Goals: The Good, the Bad, and the Ugly
Posted by Karen McGee on Dec 30, 2013 in Blog | 0 commentsWe live in a goal obsessed environment and at this time of the year, it’s especially apparent.
It seems like everyone is focused on goals in one way or another. For individuals, it’s time to make New Year’s Resolutions, set personal goals, and make plans for a productive year. For organizations and institutions, it’s time to focus on setting and implementing mission-critical goals, achieving financial targets, and ensuring success in the coming year.
Setting and working towards goals is a good thing, right? Well, the answer to that may be yes and no. When goals are carefully crafted with an understanding of goal setting principles, in an effective framework, with the appropriate leadership and management support and resources, they can be highly motivating, providing purpose and direction, yielding amazing results. But, there are also perils for the naïve or unwary so it’s very important to be alert to where goals can go wrong and well as how they lead to their intended results.

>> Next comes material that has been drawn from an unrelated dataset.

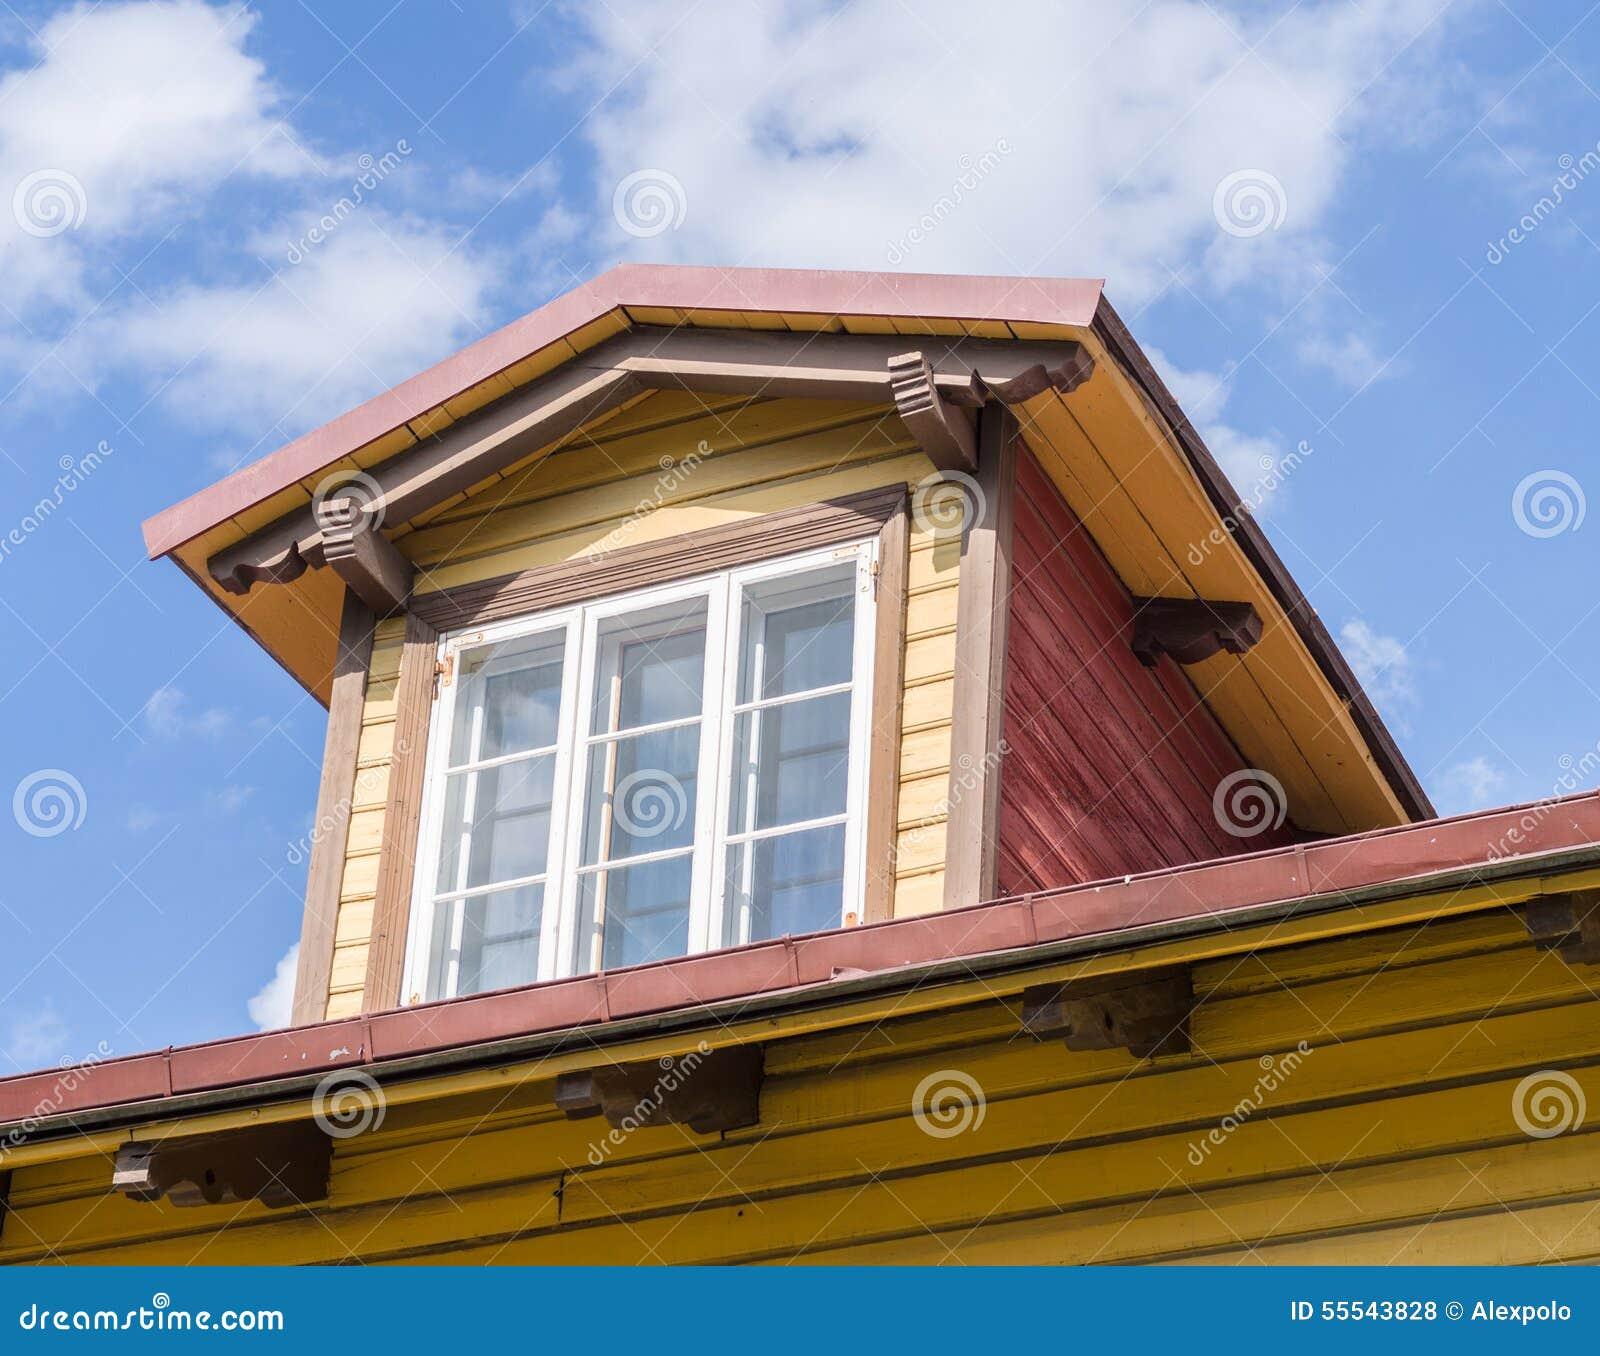 Fen tre de mansarde dans la maison en bois photo stock for Fenetre maison

Goals that are very aggressive can put enormous pressure on individual employees and may produce unintended consequences including unethical behavior. When an organization has very challenging goals but lacks a clear framework for how the goals are to be accomplished, employees may interpret this as tacit approval for achieving the goals by any means necessary, including behavior that is unethical, putting the individual and the organization at risk. Establishing goals without a careful evaluation of the possible consequences may produce some surprises. For example, when goals are activity driven, usually because activities are easily measured, and there isn’t a clear causal relationship from the activities to the intended results, the surprise is that employees can meet the activity goals and still not produce the intended results. Sometimes, poorly crafted goals produce the opposite of the intended effect and serve to demotivate employees rather than motivating them. This might be found when some elements necessary to achieve the goals are outside of the employee’s control, the employee lacks the necessary skills, or doesn’t have access to the resources required for successful achievement of their goals.